Machine Gun Kelly is thinking big — torch-in-the-sky big. The GRAMMY-nominated artist, who’s leaned fully into his pop-punk second act over the past half decade, has dropped the official video for “starman,” a fist-pumping highlight from his 2025 album lost americana.

Directed by Sam Cahill, the clip folds in footage from mgk’s ongoing Lost Americana Tour, built around a towering Statue of Liberty stage prop that feels less like set design and more like thesis statement. The visual toggles between arena-scale spectacle and tighter performance shots, underscoring the song’s push-pull between escapism and self-exposure.
“starman” flips the sugar rush of Third Eye Blind’s 1997 hit “Semi-Charmed Life” into something more existential — a recontextualized chorus that swaps carefree irony for millennial burnout. The track was written and produced alongside longtime collaborator Travis Barker, who also handles drums, plus SlimXX, BazeXX, Nick Long, and No Love For The Middle Child. Sonically, it’s a rush of new-wave sheen, pop-punk velocity, and arena-rock catharsis engineered for mass sing-alongs.

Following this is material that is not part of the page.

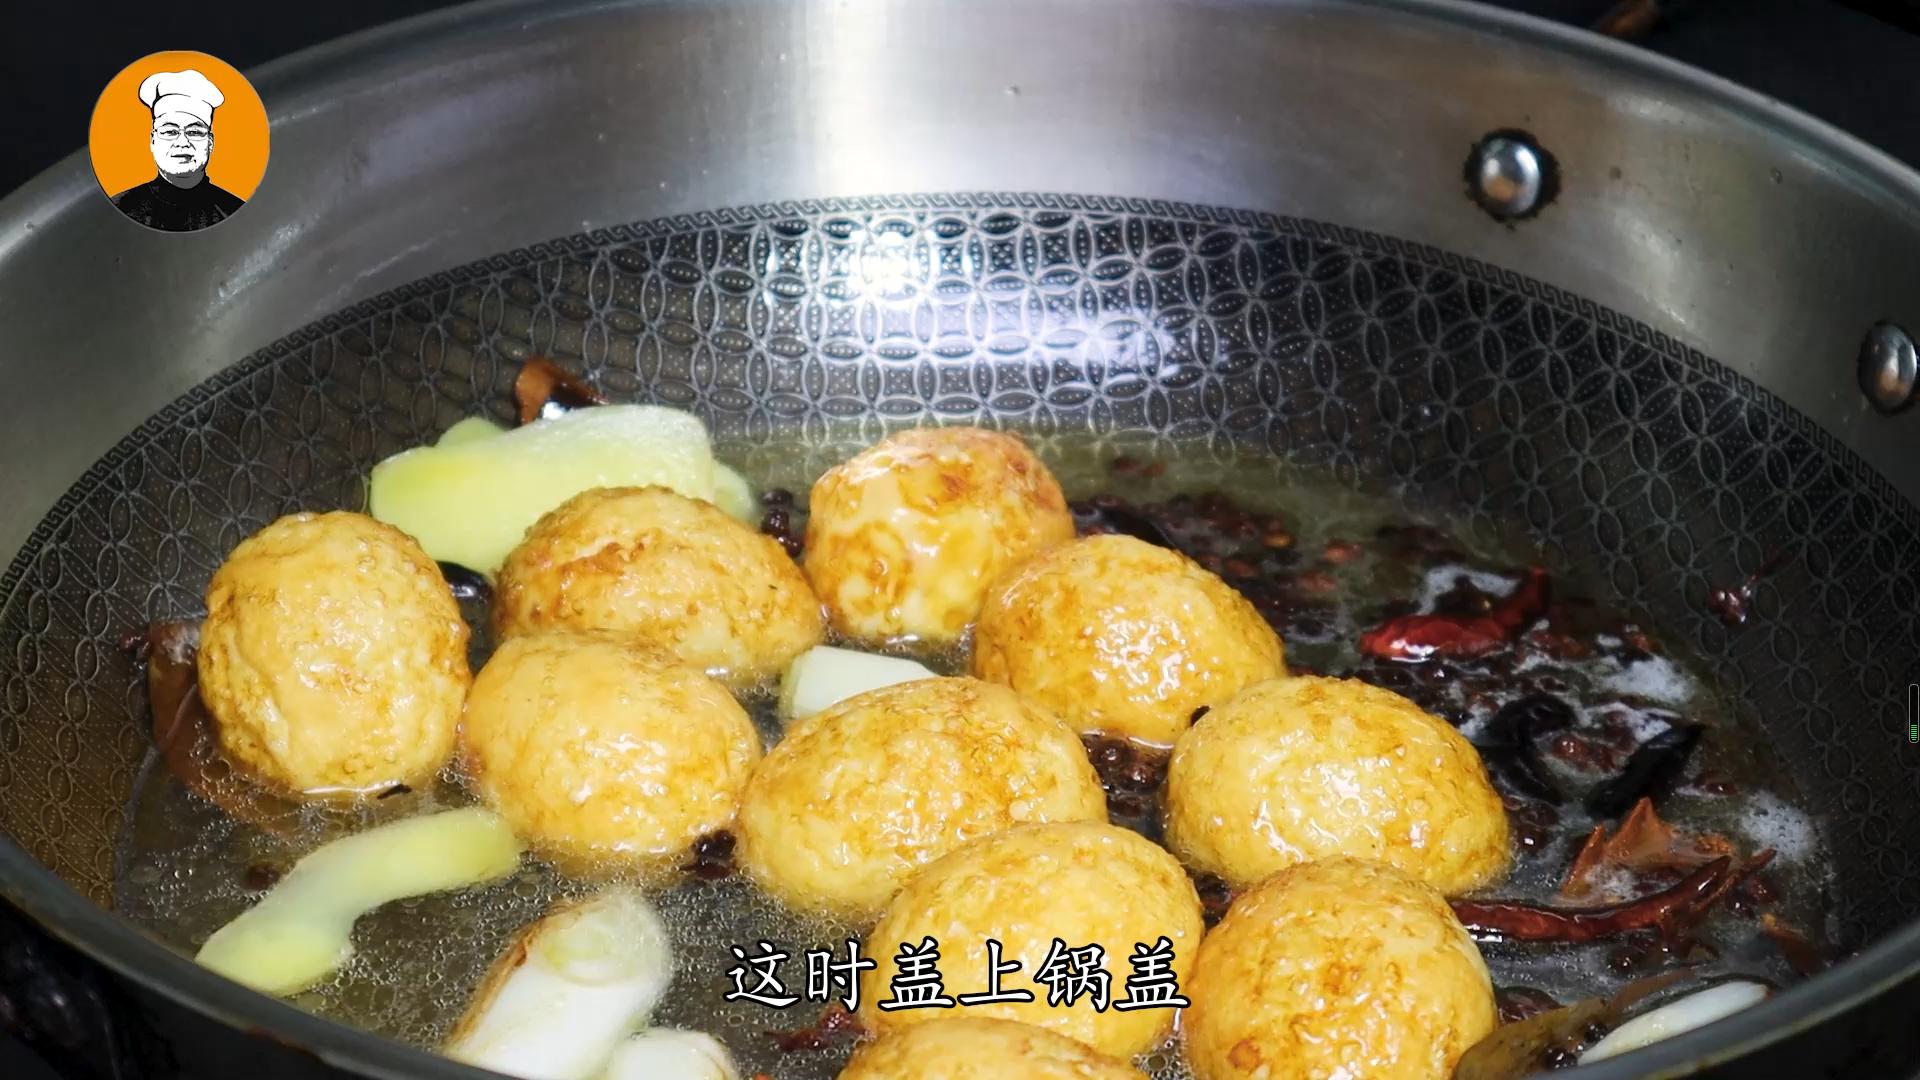 虎皮鸡蛋正确做法,一煮二炸三炖,鸡蛋香酥可口 虎皮鸡蛋 第6张

The video arrives as the Lost Americana Tour barrels ahead. After a winter pause, the trek resumed in Europe and returns to the U.S. May 15 in Wheatland, California, before wrapping July 1 in Ridgefield, Washington — another victory lap for an album that debuted Top Five on the Billboard 200 and marked mgk’s third straight No. 1 on the Top Rock & Alternative Albums chart. Tickets to the tour can be found here.
Earlier this year, mgk revisited his breakthrough era with Tickets to My Downfall (All Access), an anniversary edition executive produced by Barker that unlocked five previously unreleased tracks from the vault. He also dropped “times of my life,” a reflective outtake dating back to the original Tickets sessions — a reminder that the pivot from rap provocateur to pop-punk revivalist wasn’t a stunt, but a recalibration.
If lost americana was about chasing a myth of freedom, “starman” plants its flag squarely in the contradictions — bright lights, big stages, and the uneasy feeling that you’re still trying to outrun something once the amplifiers cool.